● Goal of the exercise: Omit every picture and return the rest of the data unaltered.

● Collected material:
"""
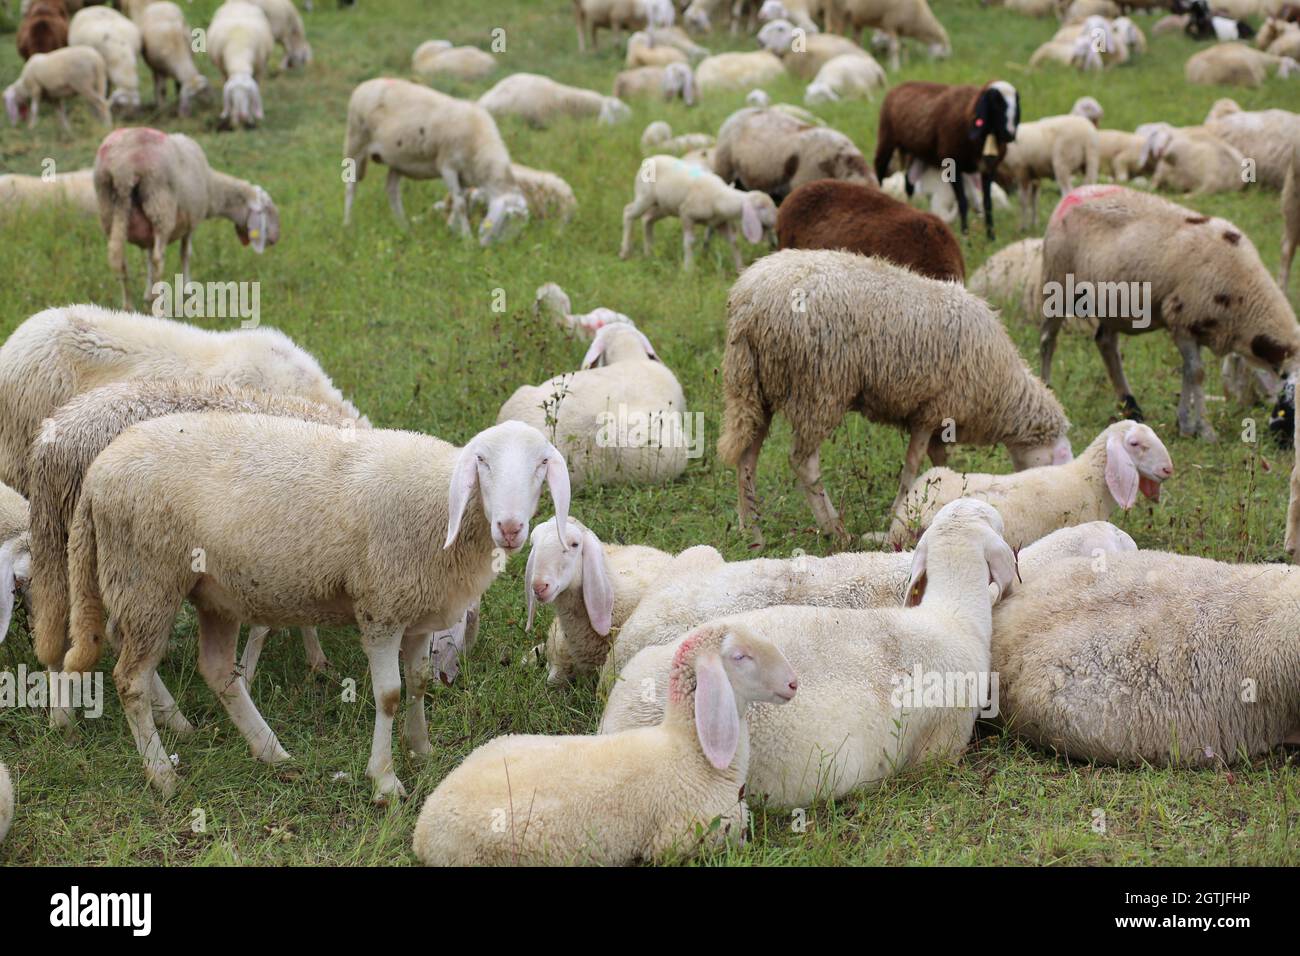 Flock With So Many White Sheep With Lambs Grazing In The High Mountain Meadow Stock Photo
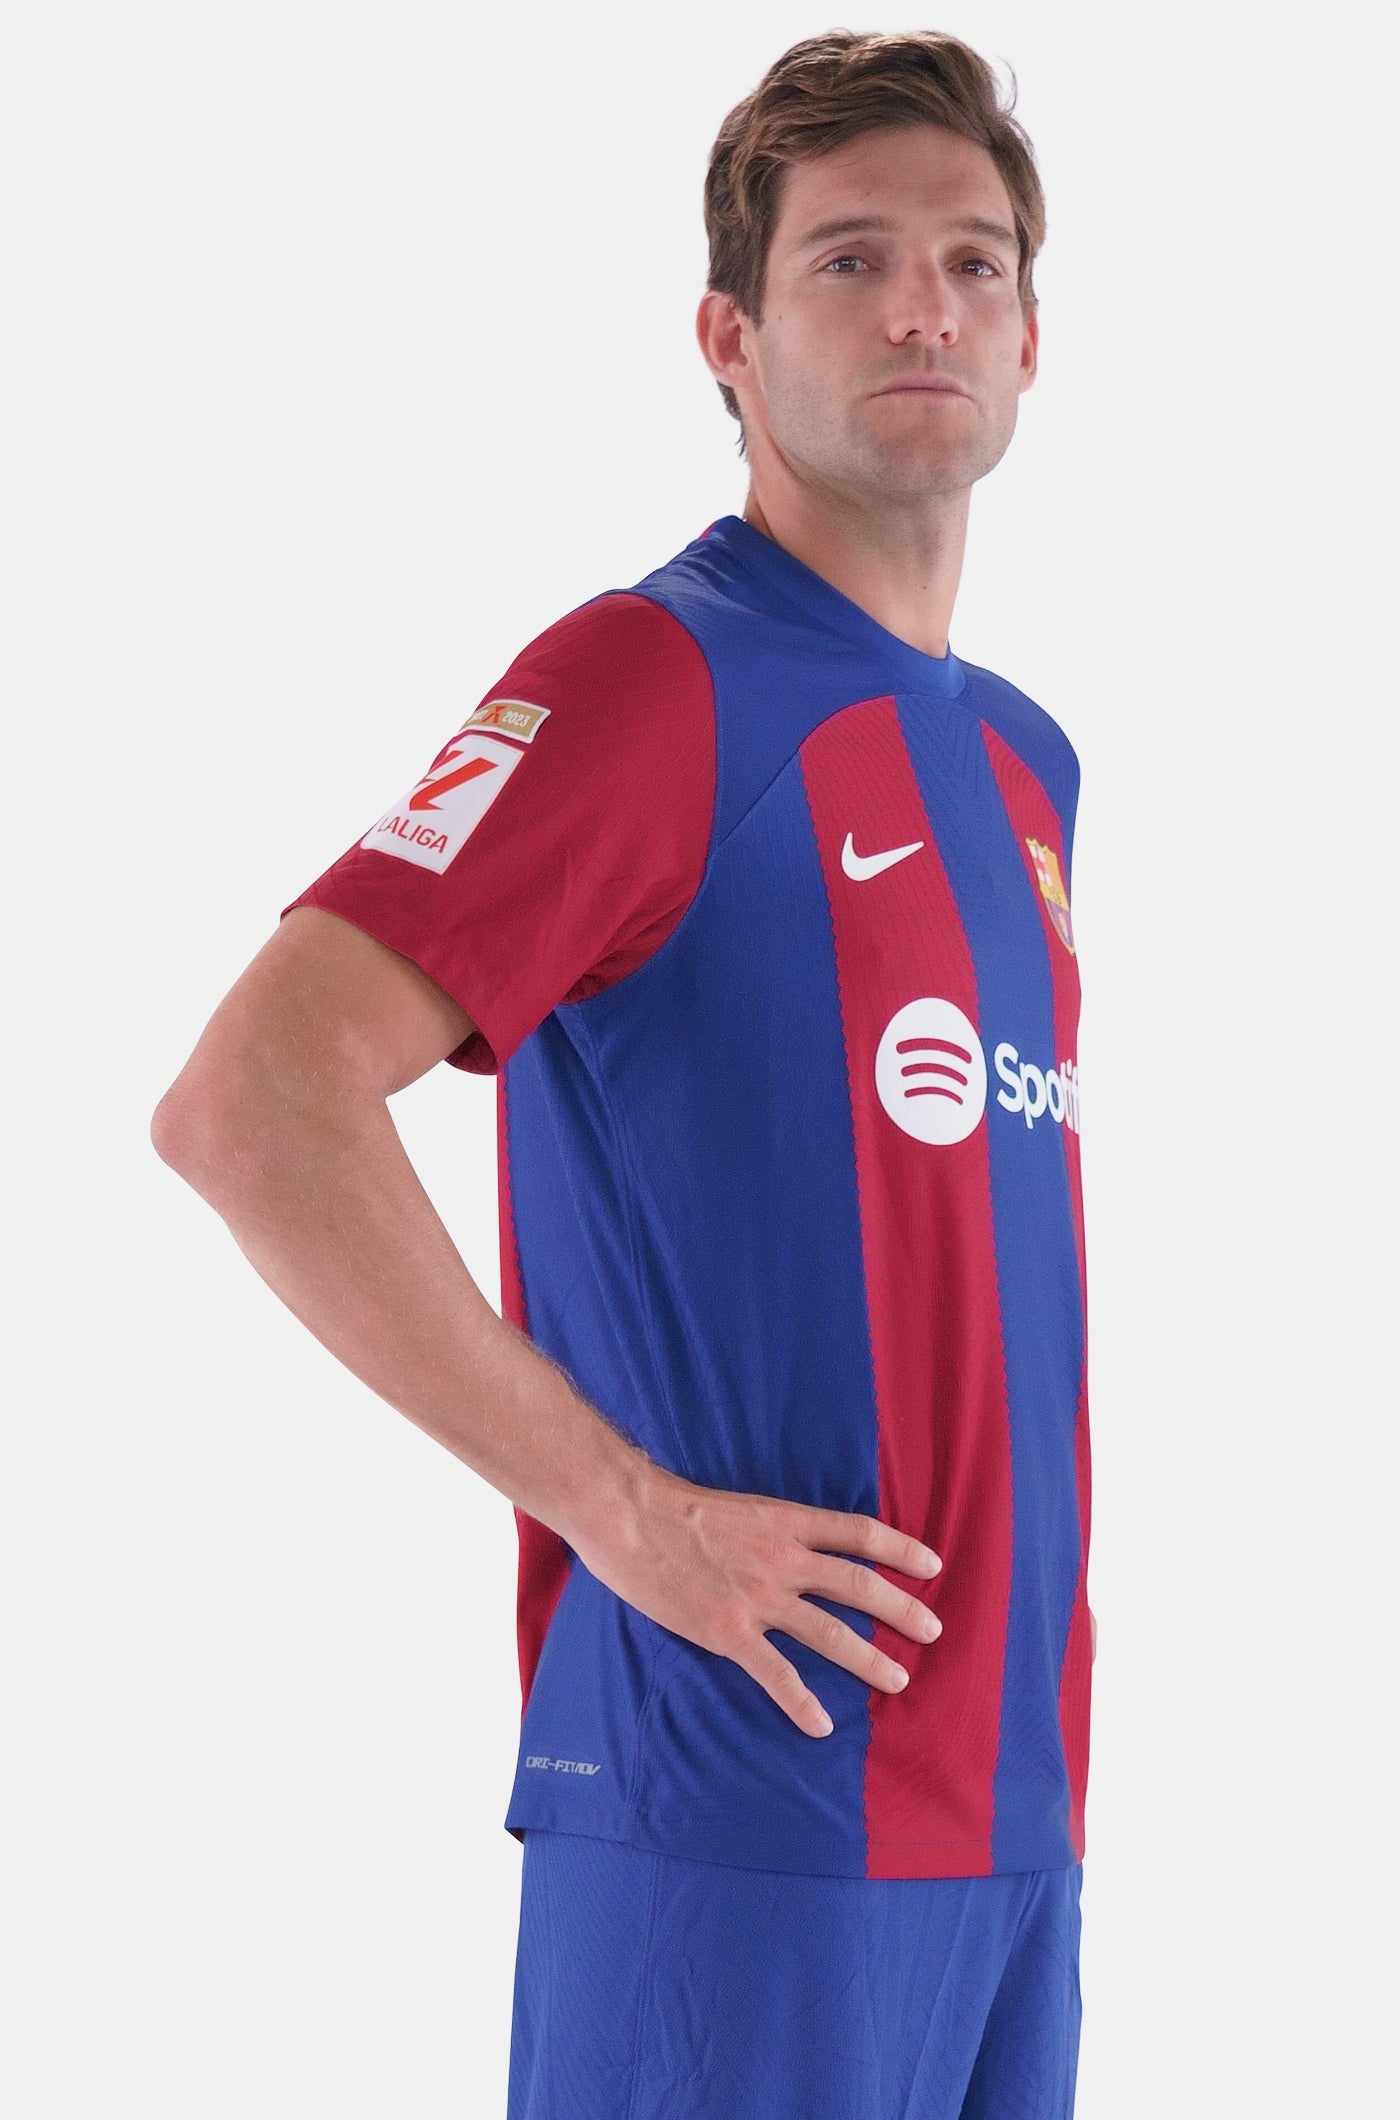 LFP FC Barcelona home shirt 23/24 Player's Edition - MARCOS A.
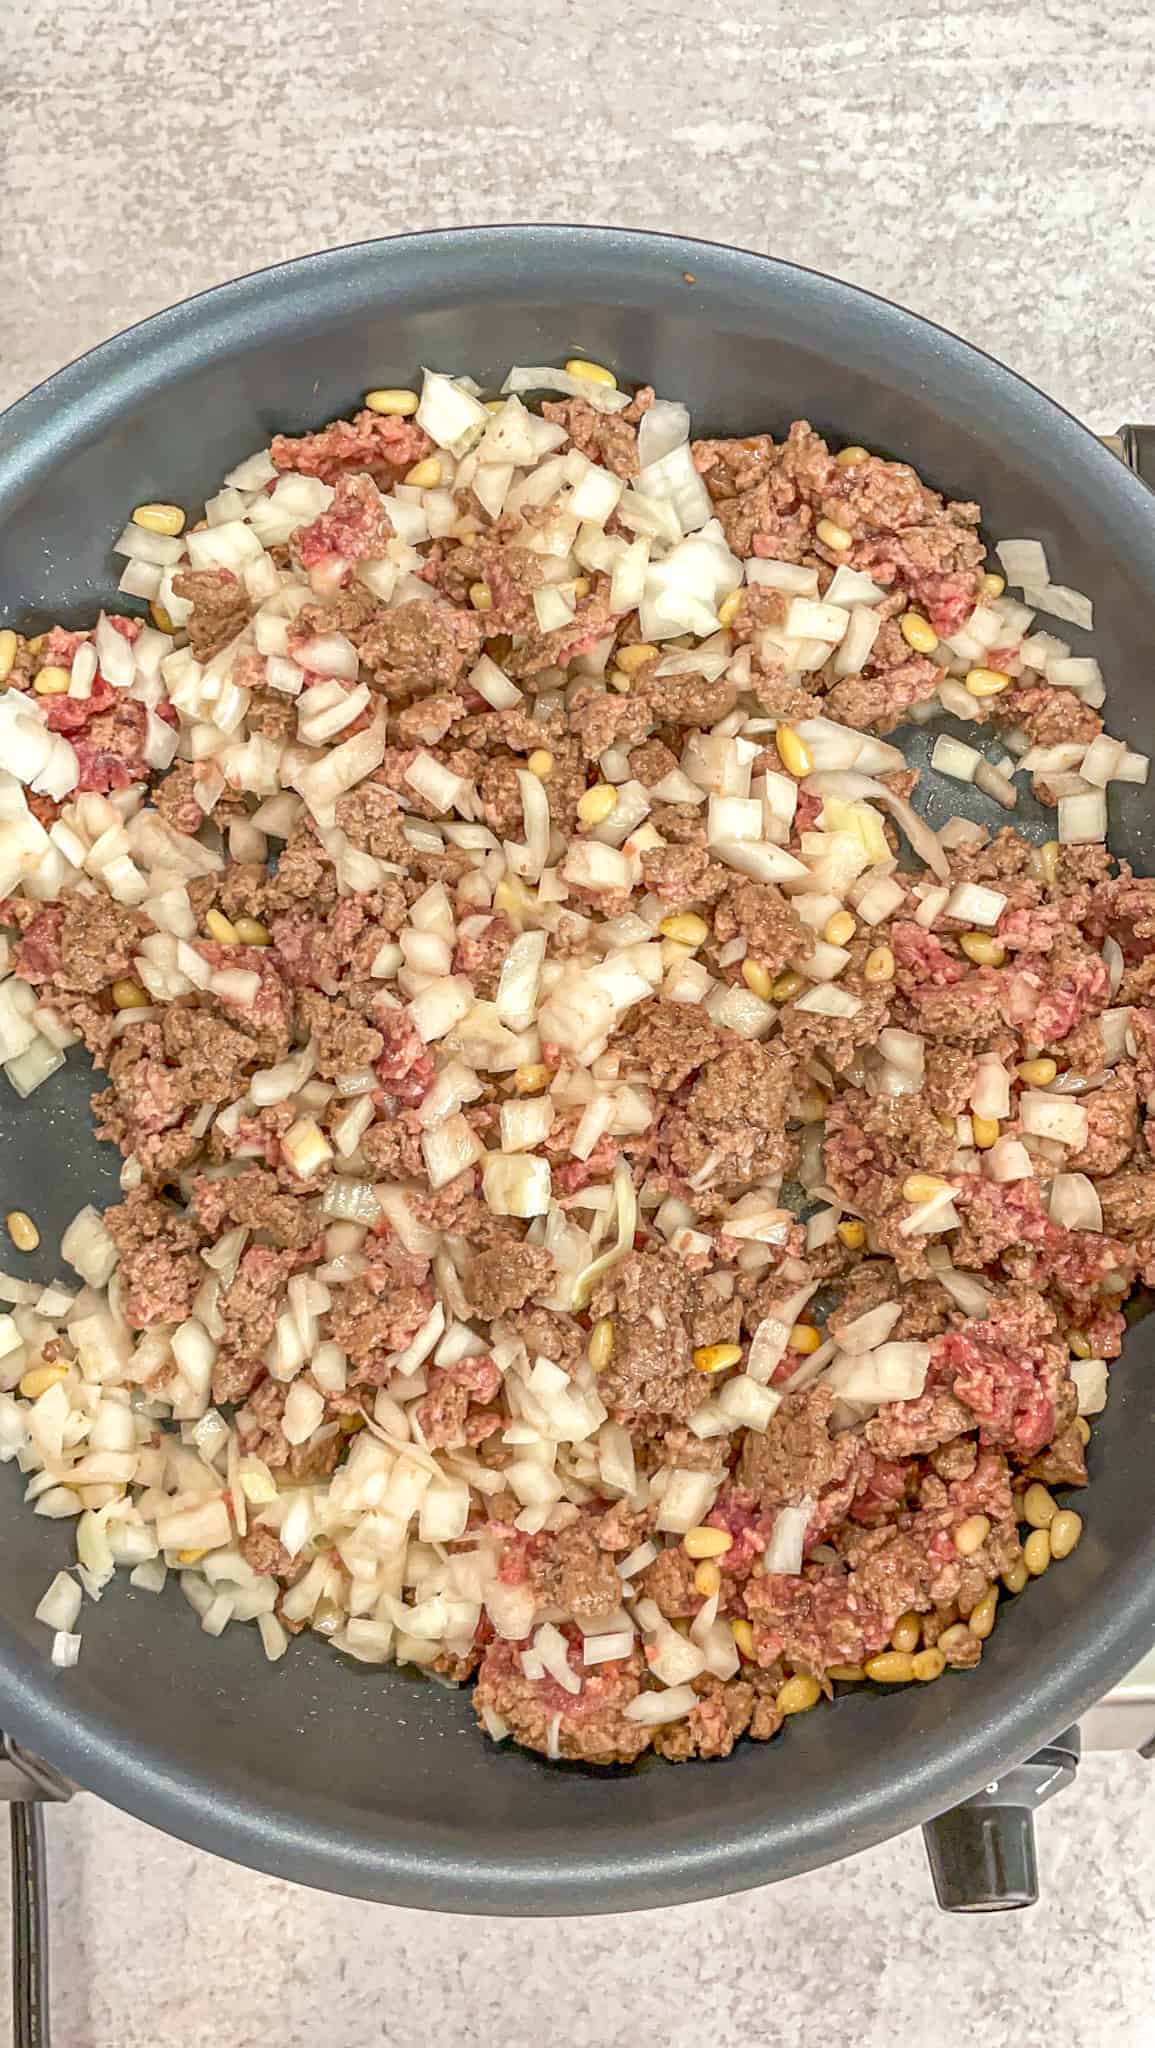 a pan contains translucent onions, pine nuts, and ground beef to be cooked to make the filling of kibbeh bil sanieh
"""
● Result for this task:
 Flock With So Many White Sheep With Lambs Grazing In The High Mountain Meadow Stock Photo
 LFP FC Barcelona home shirt 23/24 Player's Edition - MARCOS A.
 a pan contains translucent onions, pine nuts, and ground beef to be cooked to make the filling of kibbeh bil sanieh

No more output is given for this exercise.